Nous ne perdons pas de vue les éditeurs de ce journal de vie posthume. S’il nous faudra analyser les
choix de Cocteau qui ajoute certaines lettres et non pas d’autres, certainement pour manipuler son
lecteur, il nous faudra aussi exposer les remaniements des éditeurs qui sélectionnent les lettres
glissées dans les cahiers manuscrits et qui décident de les publier soit comme faisant partie
intégrante du texte, soit à la fin du volume en annexe. En outre, les dessins d’Opium et ceux du
Journal 1942-1945 sont remarquables. Dans ces deux journaux, les images s’articulent autour de
deux thématiques principales : l’opium et de mort. Les croquis permettent au diariste d’exprimer
l’indicible dans son journal de désintoxication et de rendre visible l’invisibilité en traçant les
portraits d’êtres chers sur leur lit de mort dans son journal de guerre.
Par la suite, nous nous intéressons au travail éditorial de l’auteur. Cocteau relit, corrige et
organise ses notes manuscrites et transforme ses cahiers en des livres qu’il publie de son vivant. Par
ailleurs, la défense d’une publication posthume pour son dernier journal ne marque pas un choix
générique réel. Elle témoigne de son désir de contredire la mode gidienne du journal et par
conséquent, de se distinguer de ce diariste majeur du XXème siècle. Ainsi, les multiples
commentaires justifiant ce type de publication sont contradictoires. Plus encore, le poète essaye de
contrôler d’outre-tombe la publication du Passé défini en multipliant les adresses à ses éditeurs et en
illustrant le « phénomène des cahiers19 ».

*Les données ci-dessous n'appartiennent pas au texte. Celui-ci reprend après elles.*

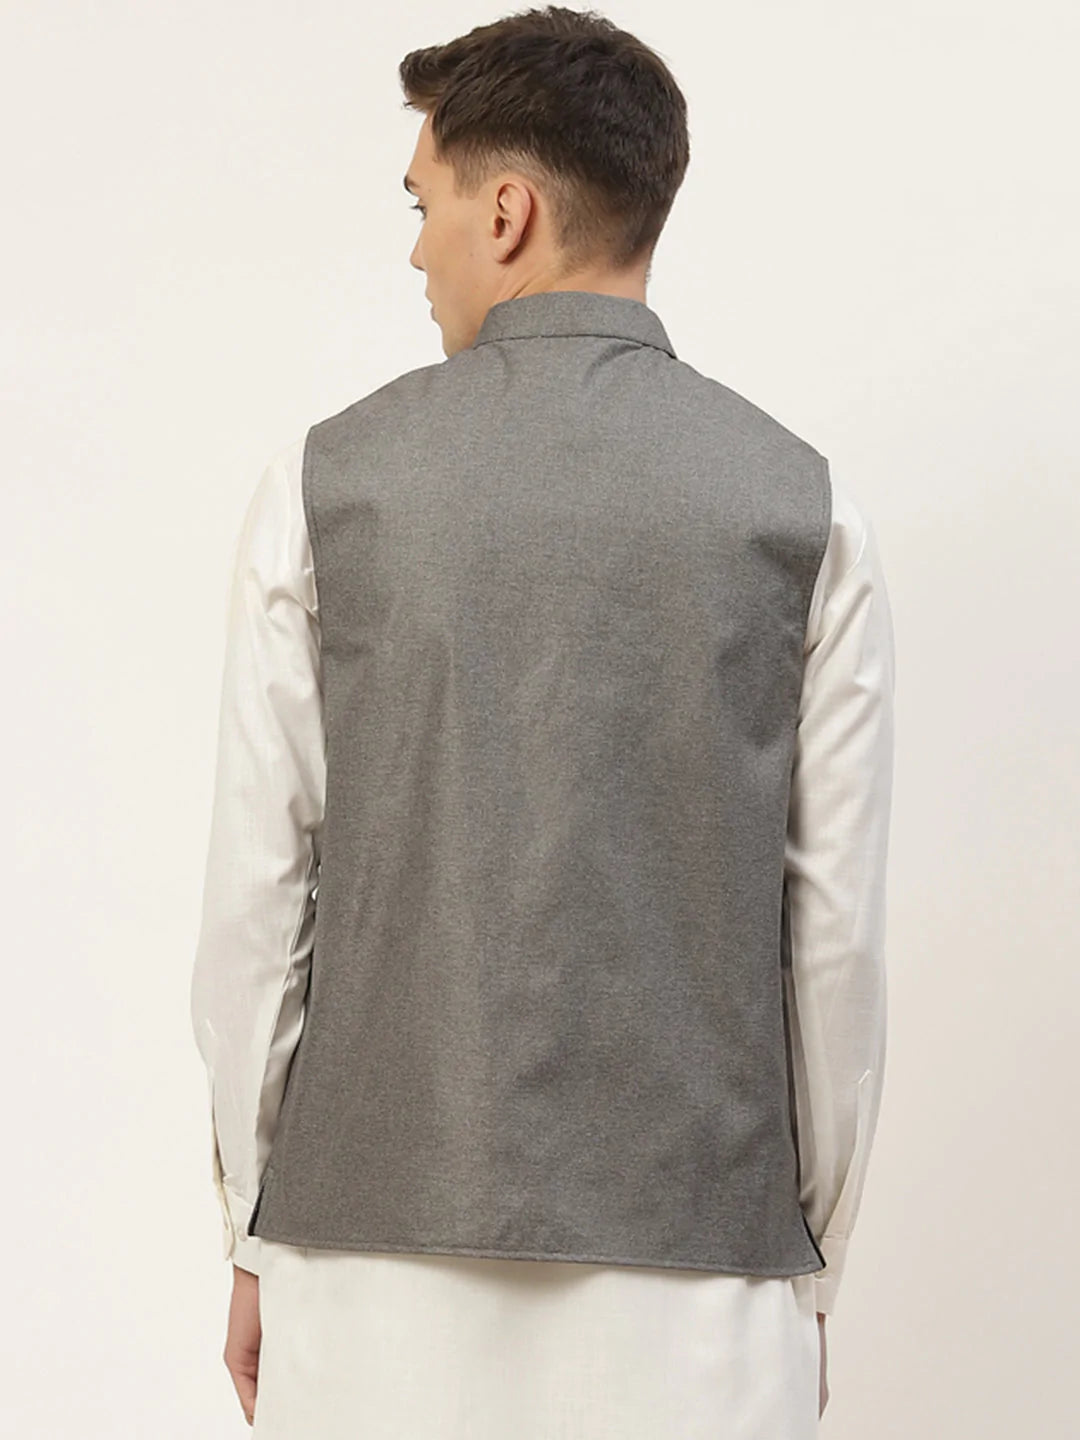 Jompers Men's Charcoal Solid Nehru Jacket ( JOWC 4033Charcoal )
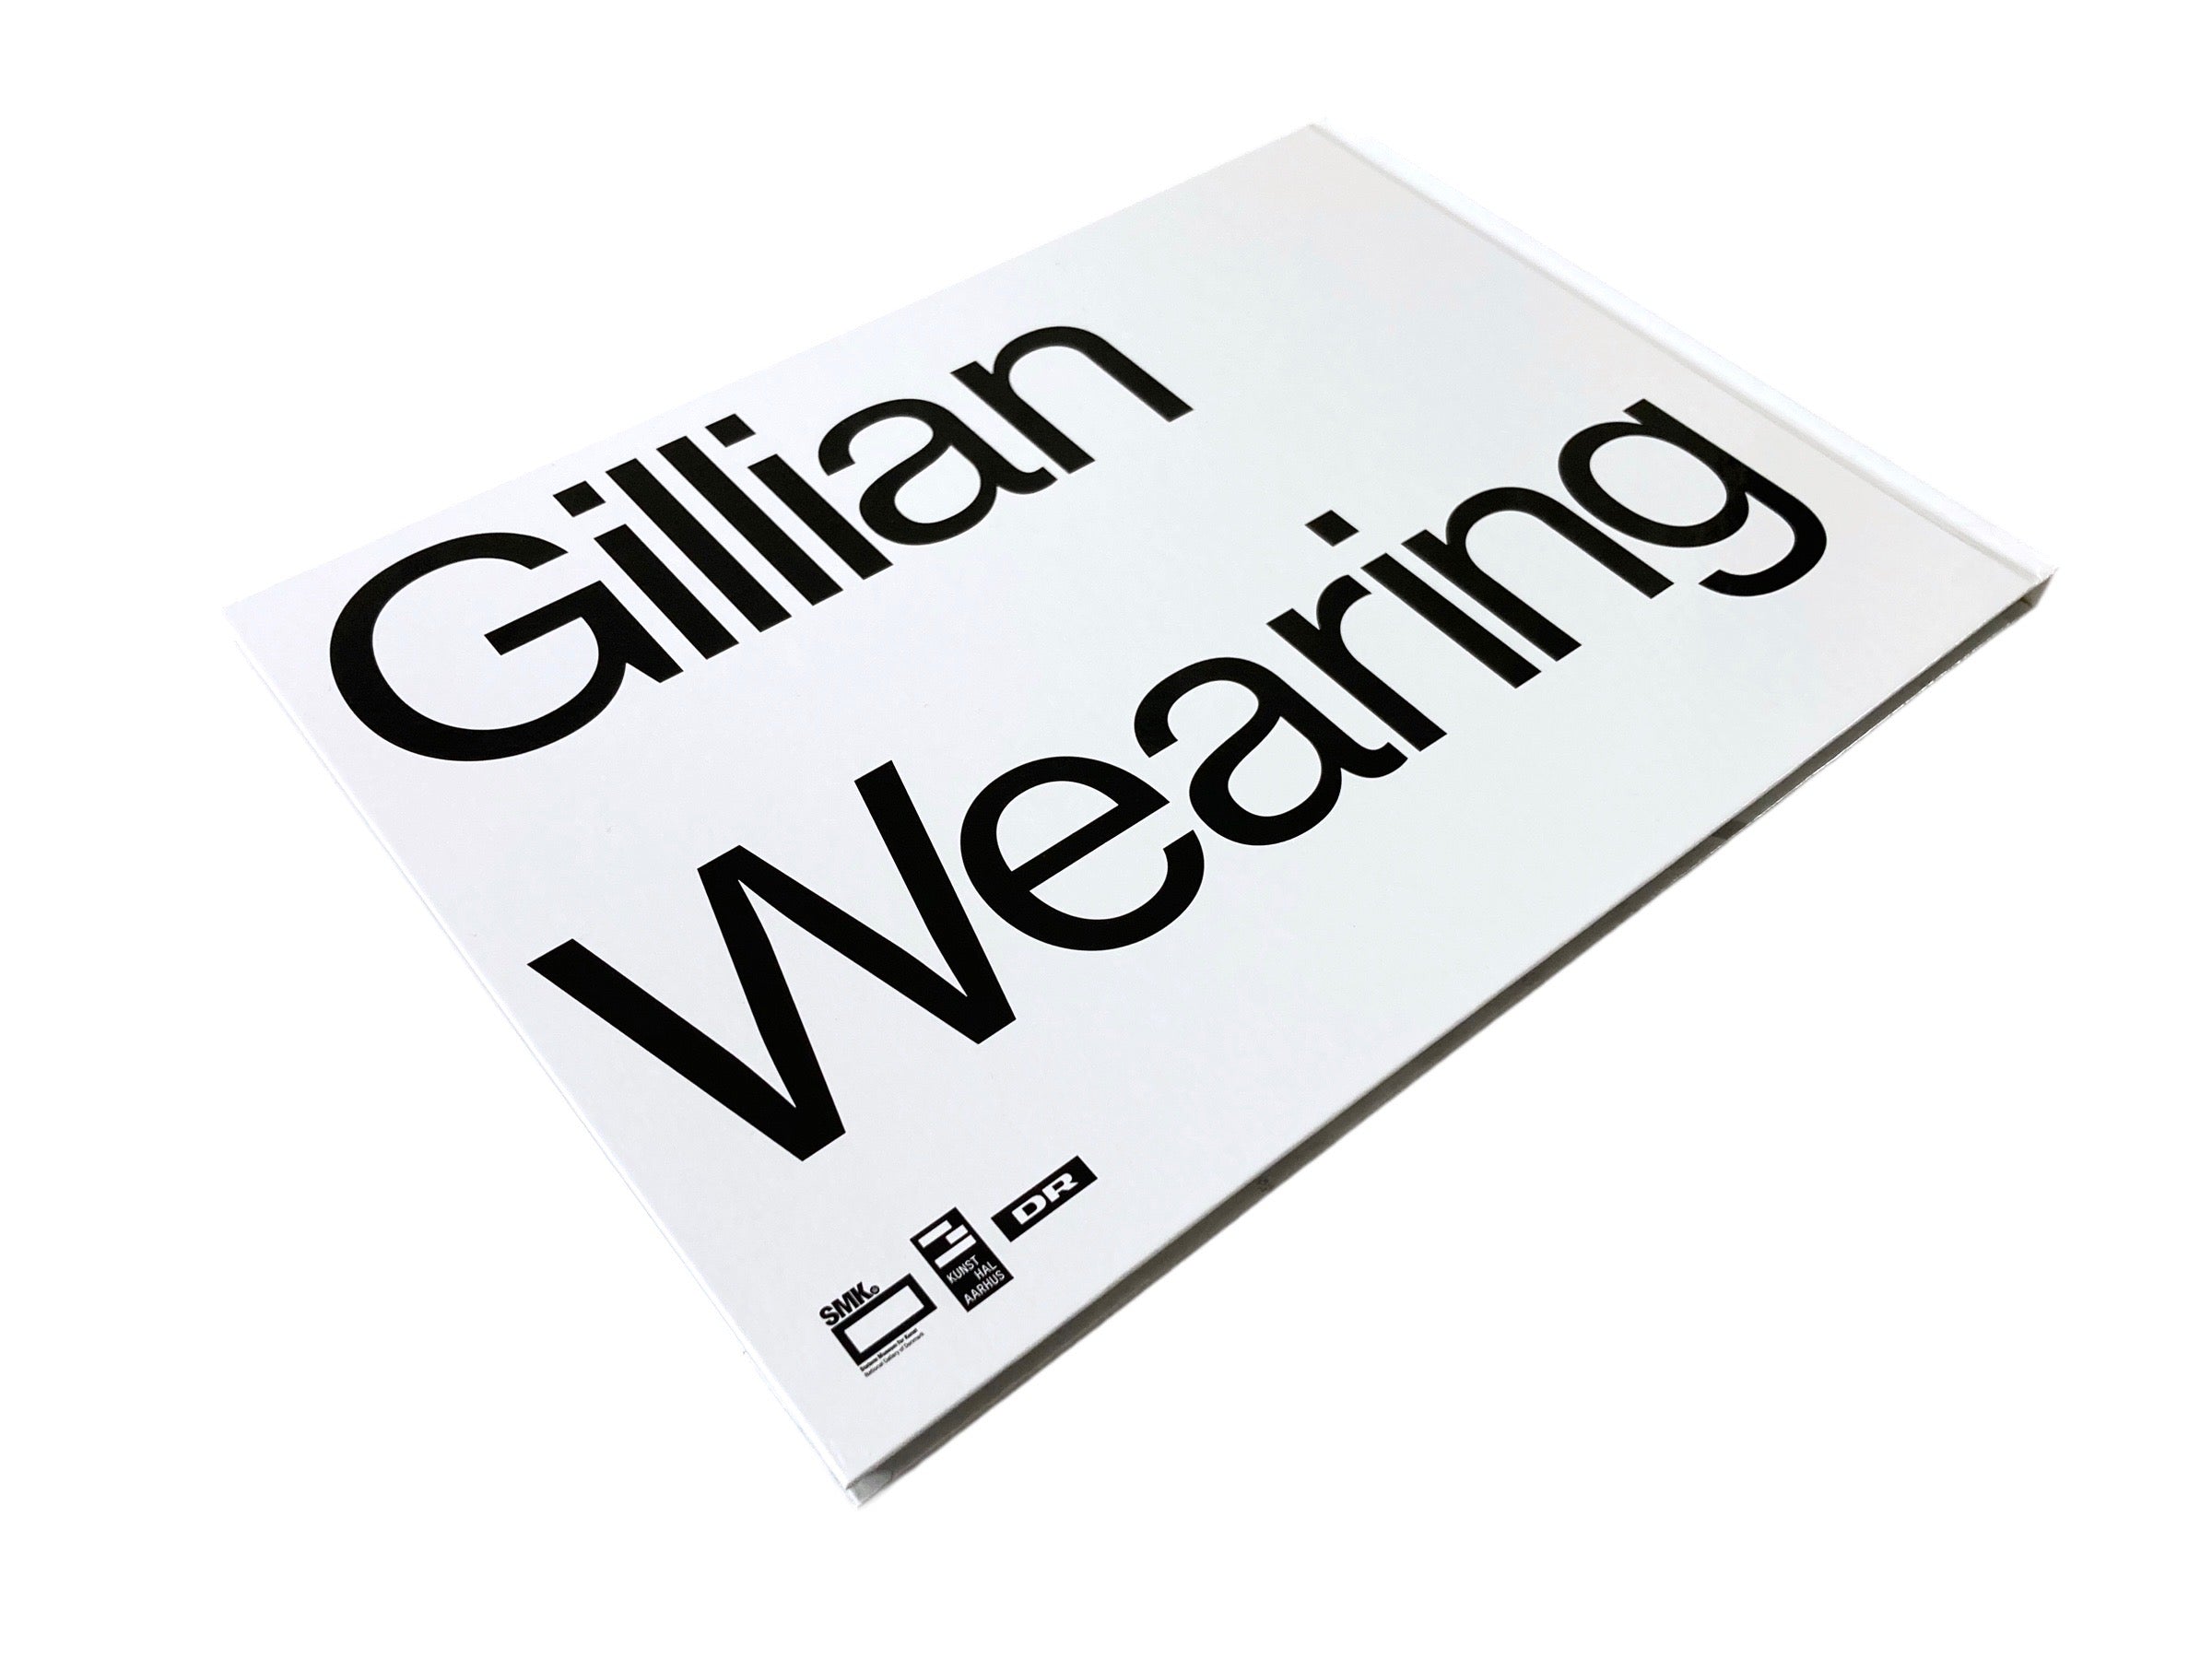 Gillian Wearing: Family Stories

La quatrième et dernière partie de notre travail est axée sur le lecteur des journaux
coctéliens. Il nous faudra définir le destinataire modèle du poète. Les « amis inconnus20 » du diariste
sont des confidents qui le jugent avec amour, des spécialistes qui décryptent son langage et des

                                                                                                               
19
Le Passé défini, tome V, op. cit., p. 532. Ce « curieux phénomène des cahiers » marque la correspondance entre la fin
d’un cahier de son journal personnel et l’achèvement d’une période de sa vie.
20
La première mention de ces « amis inconnus » date d’Opium, op. cit., p. 13.
créateurs avides d’apprendre aux contacts de ses travaux. Cocteau ne se contente pas de présenter
l’image de ses interlocuteurs : il motive leur présence au sein même de ses journaux. Ainsi, il
privilégie la conversation et organise ses textes en fonction de l’identité du lecteur visé. La
programmation du destinataire est d’une importance capitale pour le diariste : d’une part, elle
témoigne du statut littéraire de ses journaux et, d’autre part, elle atteste de son pouvoir démiurgique.
Plus encore, l’auteur cherche à se rendre immortel grâce à la destination de ses journaux. En
s’inspirant des Essais de Montaigne, Cocteau illustre le fonctionnement idéal de ses messages dans
La Difficulté d’être. Le poète incarné dans son livre, est ressuscité par « un tour de passe-passe21 »
entre les mains du lecteur. L’œuvre s’anime et le destinataire est contaminé par la présence de
l’auteur : le poète inconnu, démasqué par le lecteur, est immortalisé.

∗∗∗

Si certains journaux de Cocteau, comme La Belle et la Bête ou Le Passé défini, peuvent être
considérés comme des annexes à ses œuvres, il est important de rappeler que l’ensemble de la
production diaristique du poète est au centre de sa conception de l’art. C’est dans ses journaux que
Cocteau élabore son mécanisme de création et édifie sa morale de travail. Plus encore, c’est dans
ces textes que le poète définit le lecteur modèle de sa poésie et présente le livre exemplaire, cette
œuvre-existence qui se confondrait à la substance même de son auteur et qui assurerait par
conséquent, l’immortalité de ce dernier.
Le rapport de dépendance entre le journal et les autres œuvres de Cocteau paraît alors
secondaire à l’analyse du rôle de chacune des formes d’expression du poète à la construction de son
univers de création.

∗∗∗

                                                                                                               
21
La Difficulté d’être, op. cit., p. 176.